En profond désaccord avec le texte, qui fixe un réchauffement maximal à 2 degrés, son représentant le compare «à une poignée de petite monnaie pour trahir notre peuple et notre avenir». Les petites îles militent pour que le réchauffement soit contenu à 1,5 degrés, sous peine d’être envahies par les flots.

L’Amérique du Sud passe alors à l’offensive: successivement, la Bolivie, le Venezuela, Cuba, accusent M. Rasmussen d’avoir «fait obstacle à la démocratie et à la transparence» et conduit «un coup d’Etat contre les Nations unies».

Le ton monte d’un cran quand le représentant du Soudan, Lumumba Stanislas Dia-Ping, compare le plan climat des chefs d’Etat à l’Holocauste. Cette déclaration, assène-t-il, «appelle l’Afrique à signer un pacte suicidaire». «C’est une solution fondée sur des valeurs qui ont envoyé six millions de personnes dans les fours en Europe».

«Répugnant», s’insurge le ministre britannique de l’Environnement, Ed Miliband, venu s’assoir sur les bancs américains. «Méprisable», ajoute la Suède.

De son côté, le chef de la délégation américaine, Todd Stern, rappelle que son président a longuement consulté ses homologues brésilien, indien, chinois et sud-africain et trouve «décevant de voir ce travail non reconnu, voire déshonoré par certains qui y ont participé».

Les écologistes outrés

Pour Greenpeace, «Les Etats-Unis ont traîné les pieds et n’ont montré aucun signe de leadership».

Pascal Husting, directeur de Greenpeace France, a dénoncé un «désastre», et un «recul» par rapport à Kyoto, avec un projet d’accord ayant «la substance d’une brochure touristique». Il a critiqué l’absence de quelque engagement susceptible de traduire cet accord politique en traité juridiquement contraignant: «Il n’y a plus aucune référence scientifique, pas de vision à long terme, et il n’y a qu’une série d’annonces de mesures nationales, totalement volontaires et que personne ne contrôlera, et qui ne seront de toutes manières pas à la hauteur des recommandations de la science».

Kim Carstensen, du WWF International, souligne que le document adopté est «seulement une déclaration d’intention qui ne lie personne de manière contraignante et échoue à garantir un avenir plus sûr pour les prochaines générations».

Chris Coxon d’ActionAid note que le texte négocié vendredi par un petit nombre de pays reste vague sur la promesse de débloquer cent milliards d’ici 2020. Il n’y a aucune garantie sur l’origine de ce financement et ses modalités.

193 pays et 120 chefs d’Etat dans la dernière ligne droite, ont tenté de s’entendre durant deux semaines à Copenhague sur un accord climatique global succédant ou prolongeant le Protocole de Kyoto.

Un protocle qui court jusqu’à fin 2012 et s’avère être le seul instrument juridiquement contraignant (pour les pays industrialisés) de réduction des émissions de gaz à effet de serre.

La négociation portait aussi sur la Convention-cadre des Nations unies sur les changements climatiques (CCNUCC).

Selon les climatologues, il reste entre 10 et 20 ans au monde pour inverser la tendance à la hausse des émissions de gaz à effet de serre.
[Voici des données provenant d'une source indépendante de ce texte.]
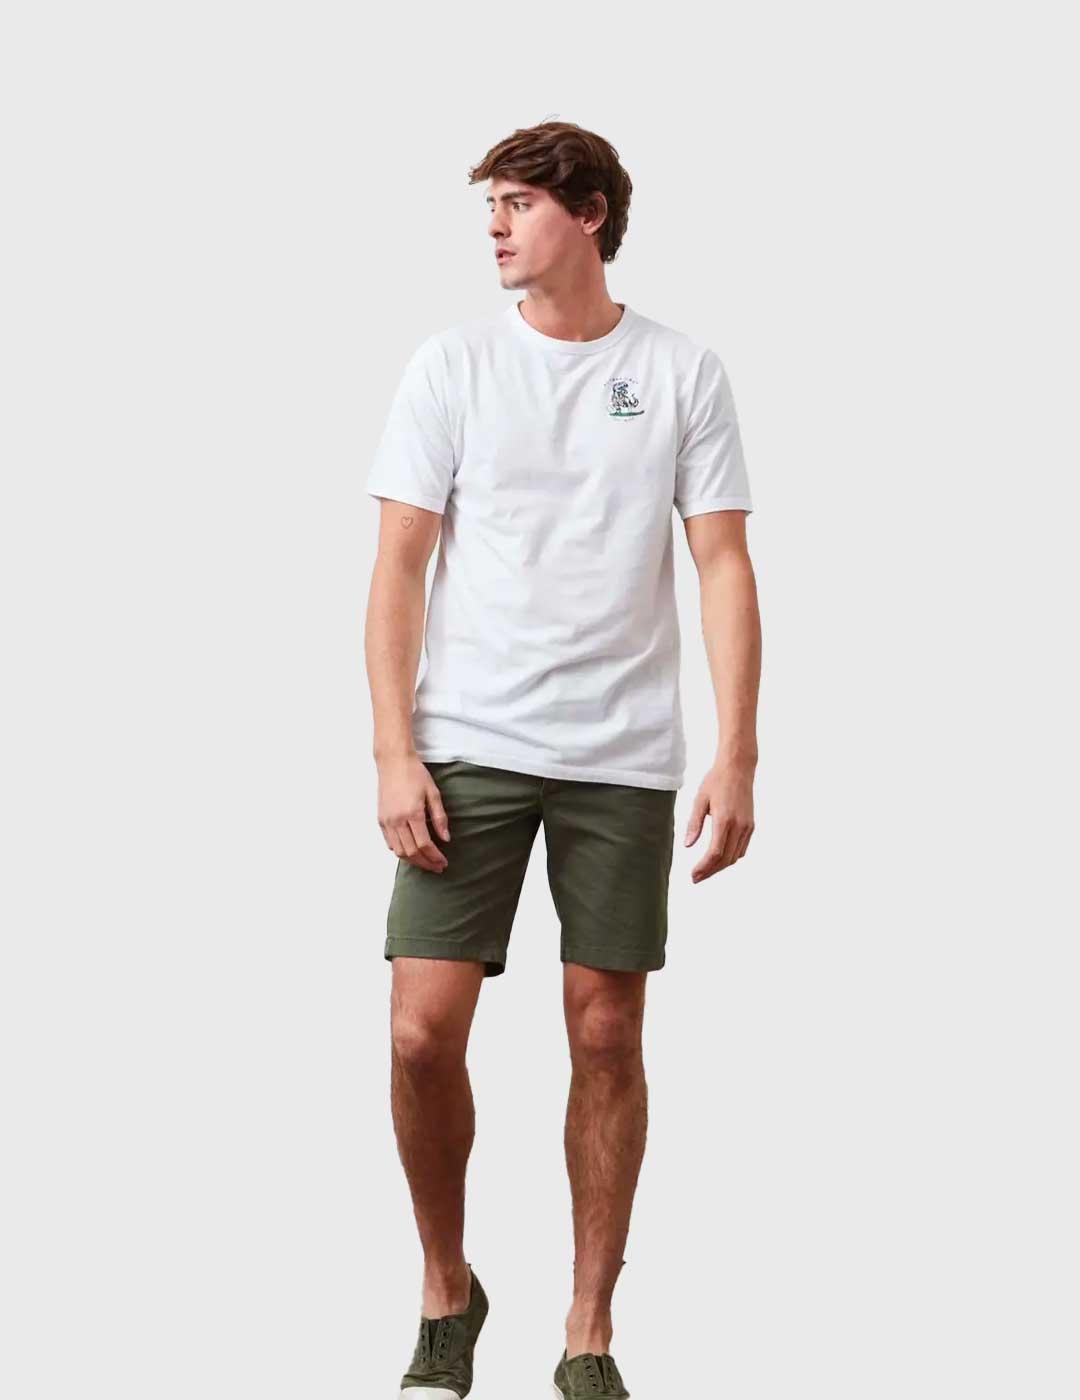 Camiseta Altonadock blanca para hombre

Sans quoi il deviendrait difficile aux humains de s’adapter à la déstabilisation induite du climat.


L’objectif a Copenhague était de réduire les émissions de gaz à effet de serre de manière à ce que la hausse globale des températures ne dépasse pas 2°C par rapport à l’ère préindustrielle.
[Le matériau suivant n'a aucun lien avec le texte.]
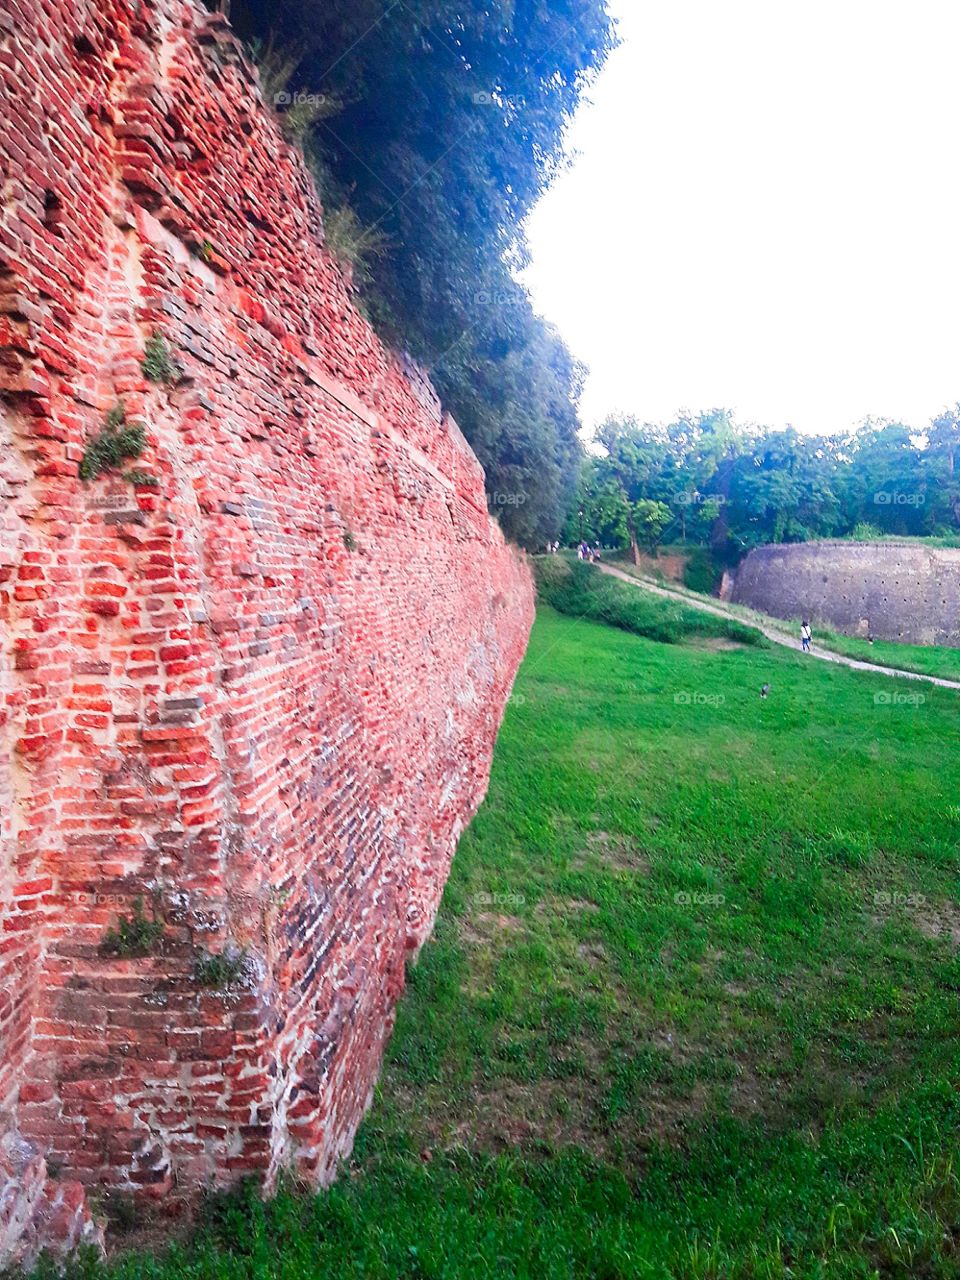 under the Ferrara's walls

Le Giec (Groupe d’experts intergouvernemental sur l’évolution du climat) juge nécessaire une réduction de 25% à 40% des émissions des pays industrialisés d’ici 2020 par rapport aux niveaux de 1990.


Il invite les pays riches à émettre de 80% à 95% de gaz à effet de serre en moins d’ici 2050. Et les pays en développement à réduire leurs émissions de 50%.


Pour sa part, la Suisse prévoit une réduction d’ici 2020 de 20% au moins de ses émissions par rapport à 1990. Elle s’était dite prête à relever l’objectif de réduction à 30%, dans les pas de l’Union européenne, selon l’issue de la conférence de Copenhague.